◆ **What you need to do**
Count every line in the data below where the word "England" appears, then state only that count.

◆ **Source material**

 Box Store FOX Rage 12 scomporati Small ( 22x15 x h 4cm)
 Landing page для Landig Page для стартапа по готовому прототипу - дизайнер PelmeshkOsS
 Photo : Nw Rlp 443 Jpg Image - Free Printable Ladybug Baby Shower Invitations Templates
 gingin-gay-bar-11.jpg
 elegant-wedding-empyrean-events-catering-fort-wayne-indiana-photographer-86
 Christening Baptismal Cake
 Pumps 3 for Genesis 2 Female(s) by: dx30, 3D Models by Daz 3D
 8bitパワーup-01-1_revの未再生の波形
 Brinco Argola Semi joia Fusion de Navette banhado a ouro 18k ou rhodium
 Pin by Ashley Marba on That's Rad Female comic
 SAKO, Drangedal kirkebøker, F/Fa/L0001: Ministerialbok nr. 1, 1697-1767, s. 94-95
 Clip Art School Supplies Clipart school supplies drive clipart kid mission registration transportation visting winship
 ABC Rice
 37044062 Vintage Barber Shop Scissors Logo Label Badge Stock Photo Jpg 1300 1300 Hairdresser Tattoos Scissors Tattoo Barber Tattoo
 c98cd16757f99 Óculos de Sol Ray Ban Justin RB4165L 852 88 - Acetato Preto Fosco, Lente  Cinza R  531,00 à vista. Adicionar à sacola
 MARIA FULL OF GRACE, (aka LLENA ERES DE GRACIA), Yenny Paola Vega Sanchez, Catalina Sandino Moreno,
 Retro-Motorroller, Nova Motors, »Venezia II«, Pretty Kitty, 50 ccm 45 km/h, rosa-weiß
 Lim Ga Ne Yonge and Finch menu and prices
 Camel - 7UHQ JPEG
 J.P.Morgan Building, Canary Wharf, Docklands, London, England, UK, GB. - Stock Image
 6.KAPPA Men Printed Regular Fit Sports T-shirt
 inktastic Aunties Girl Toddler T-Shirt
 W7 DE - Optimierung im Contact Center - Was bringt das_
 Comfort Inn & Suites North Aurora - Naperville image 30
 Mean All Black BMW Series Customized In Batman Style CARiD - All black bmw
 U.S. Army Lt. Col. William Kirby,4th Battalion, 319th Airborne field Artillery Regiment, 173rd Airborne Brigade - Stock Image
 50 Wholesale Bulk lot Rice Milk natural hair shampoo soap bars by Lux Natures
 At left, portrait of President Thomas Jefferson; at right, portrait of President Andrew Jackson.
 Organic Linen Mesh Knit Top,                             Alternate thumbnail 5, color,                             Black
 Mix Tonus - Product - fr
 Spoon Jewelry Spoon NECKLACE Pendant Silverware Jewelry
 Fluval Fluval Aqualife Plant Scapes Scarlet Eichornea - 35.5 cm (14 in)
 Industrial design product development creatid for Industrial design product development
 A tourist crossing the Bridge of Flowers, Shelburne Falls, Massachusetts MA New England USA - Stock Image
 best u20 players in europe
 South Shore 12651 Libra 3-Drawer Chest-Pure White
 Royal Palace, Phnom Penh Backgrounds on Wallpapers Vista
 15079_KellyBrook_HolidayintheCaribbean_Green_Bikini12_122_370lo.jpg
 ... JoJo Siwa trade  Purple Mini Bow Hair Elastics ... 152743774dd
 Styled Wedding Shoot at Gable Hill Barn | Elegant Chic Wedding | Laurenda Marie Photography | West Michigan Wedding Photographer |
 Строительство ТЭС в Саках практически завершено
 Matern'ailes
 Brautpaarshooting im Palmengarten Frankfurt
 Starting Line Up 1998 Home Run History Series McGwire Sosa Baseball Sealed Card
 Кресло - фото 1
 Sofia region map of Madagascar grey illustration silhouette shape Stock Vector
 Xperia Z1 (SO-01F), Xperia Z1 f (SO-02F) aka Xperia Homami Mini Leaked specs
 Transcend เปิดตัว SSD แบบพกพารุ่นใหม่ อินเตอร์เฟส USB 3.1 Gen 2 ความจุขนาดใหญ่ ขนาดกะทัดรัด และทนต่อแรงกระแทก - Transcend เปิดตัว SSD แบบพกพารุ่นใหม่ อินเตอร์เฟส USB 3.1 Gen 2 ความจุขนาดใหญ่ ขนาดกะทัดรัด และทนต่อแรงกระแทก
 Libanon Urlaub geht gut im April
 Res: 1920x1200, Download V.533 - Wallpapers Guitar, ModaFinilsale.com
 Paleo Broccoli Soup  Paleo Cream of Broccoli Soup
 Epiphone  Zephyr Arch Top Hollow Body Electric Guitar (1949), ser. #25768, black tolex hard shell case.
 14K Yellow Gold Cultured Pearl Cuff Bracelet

◆ **Result for this task**
2